# How To Increase Energy Levels?



## Akira (Mar 24, 2009)

Well, as the title says, how do I do it?  I'm training muay thai twice daily (about 4 hours) and running 10 kms every day.  I get one day a week off which is Sunday.  Training is leaving me exhausted after every session.  I searched the internet for a while but most of the information I got is useless.

Anyone got any ideas?  I'm assuming it's something to do with diet, but I don't know what I should be eating and which foods to avoid.

I'm in Thailand if that helps..


----------



## Ronin74 (Mar 24, 2009)

Part of it may have to do with you getting accustomed to the atmosphere and the training, but I have to say a big part is if you're eating properly and getting enough rest.

Now what "eating properly" means will differ from one person to another, but it comes down to eating so that a) your body has fuel to burn, not just during training, but to get through the day; and b) making sure your body is getting the right nutrients to rebuild from the stress it undergoes from training.

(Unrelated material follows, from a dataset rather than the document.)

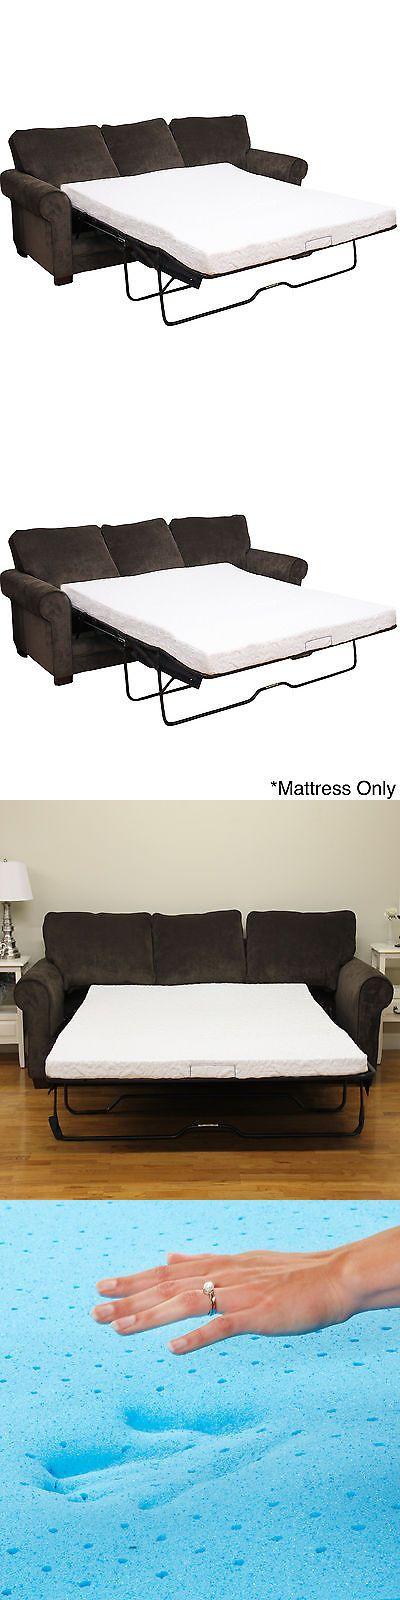 Mattresses 131588: Postureloft Kendall 4.5-Inch Full-Size Gel Memory Foam Sofa Bed Mattress -> BUY IT NOW ONLY: $130.49 on eBay!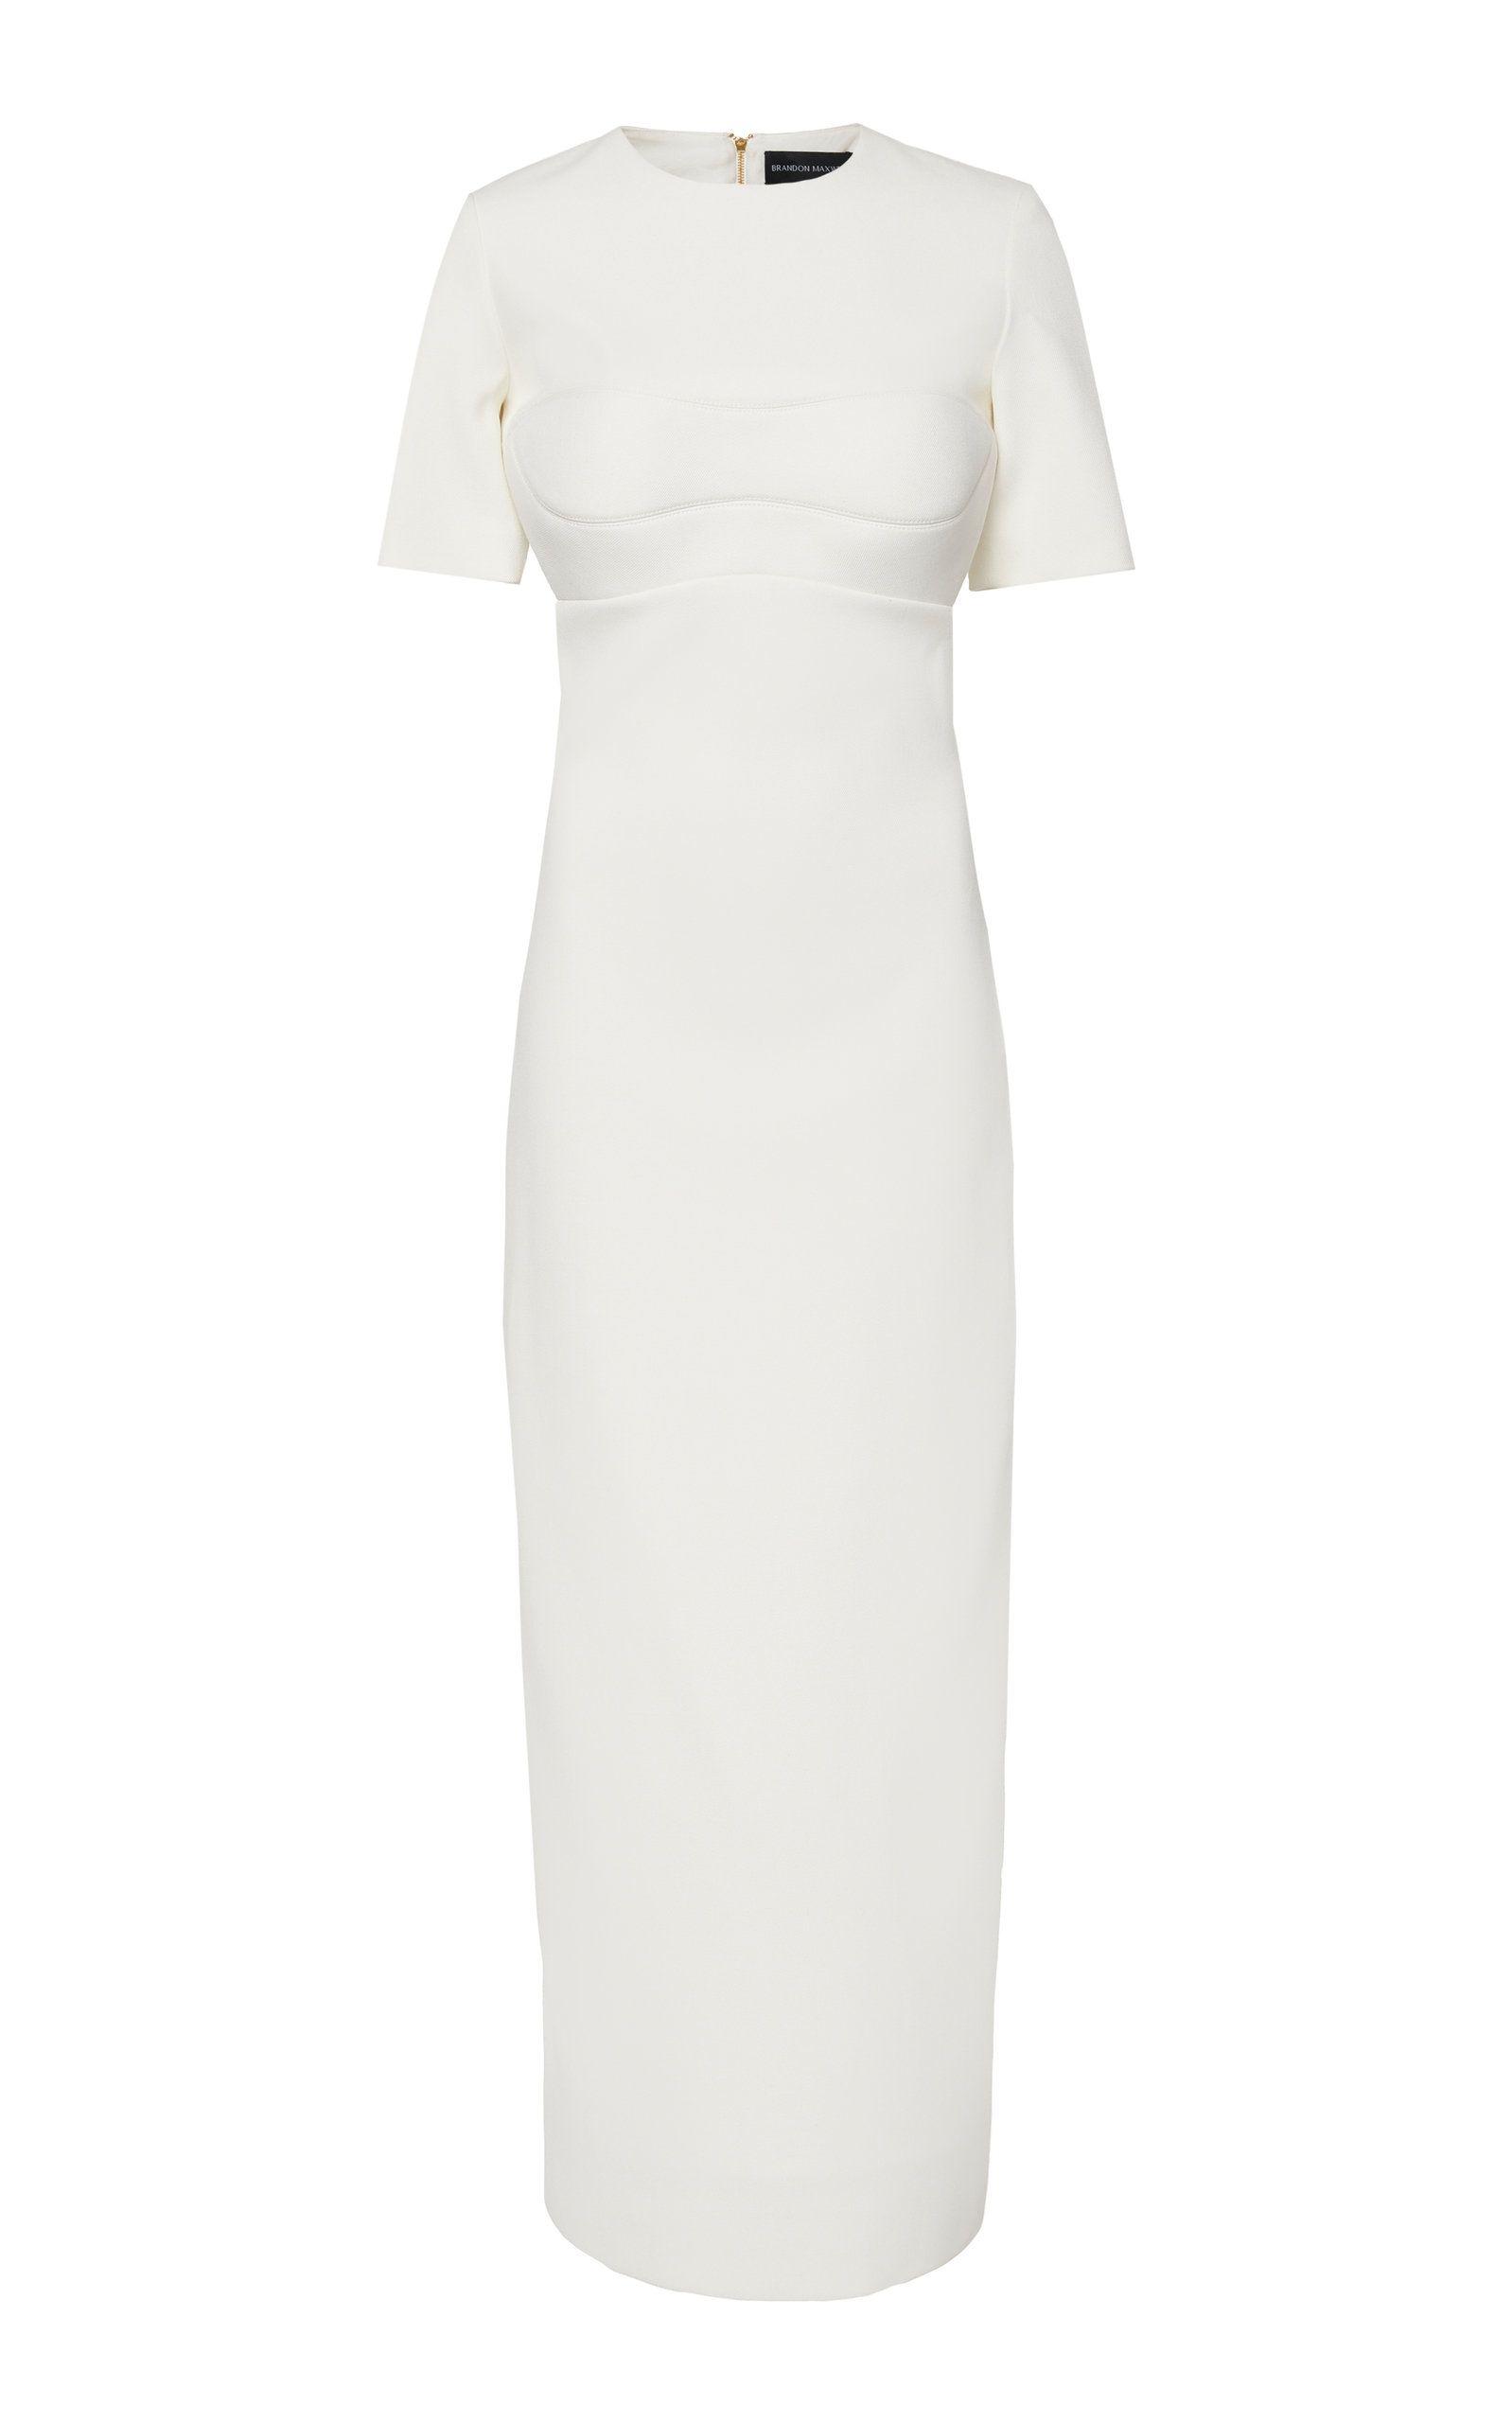 06fb960c642 Backless Cady Maxi Dress by BRANDON MAXWELL for Preorder on Moda Operandi

As for rest, I have to consider any martial art that can have a competitve aspect to it as one that exhausts the body easily. To recuperate, nothing beats having enough rest. Some folks may suggest coffee or some caffine source to boost your energy, but that can only work for so long. Rest is paramount to recovering from training, and having the energy to do it again.


----------



## Hawke (Mar 24, 2009)

Sounds like you might need to increase your endurance.

Thailand is very humid and the heat can sap your strength.

If what you mean by increase your energy you mean to increase your endurance you can try jump roping.  Google "jump roping" for some solid ideas.  This sounds easy, but it will be a challenge.

You also might want to try Tai Chi or Qigong.

Hope this helps.


----------



## terryl965 (Mar 24, 2009)

Also more energy will come by eating right, try to up the intake and add a few small meal in between workout like fresh fruits and veggies.


----------



## -steve- (Dec 3, 2009)

wow you are training like a madman! I'd be exhausted too if not dead within a week. props


----------



## MattNinjaZX-14 (Dec 3, 2009)

Get your blood work done and the coach can look at why your energy levels are dipping. It could be several things. 

Sometimes you can eat clean food but not enough of the right kind. 

The USDA food pyramid serves only as a guideline.

The lack of sleep could be what is happening with the oppressive heat. 

The coach will have to look at your water levels. 

You also may need some more sleep than usual especially with the rigorous training you are receiving.

I had one coach who did everything the old fashioned way and when I met another coach. 

This coach was a scientific fanatic and it really made a big difference in my training goals.    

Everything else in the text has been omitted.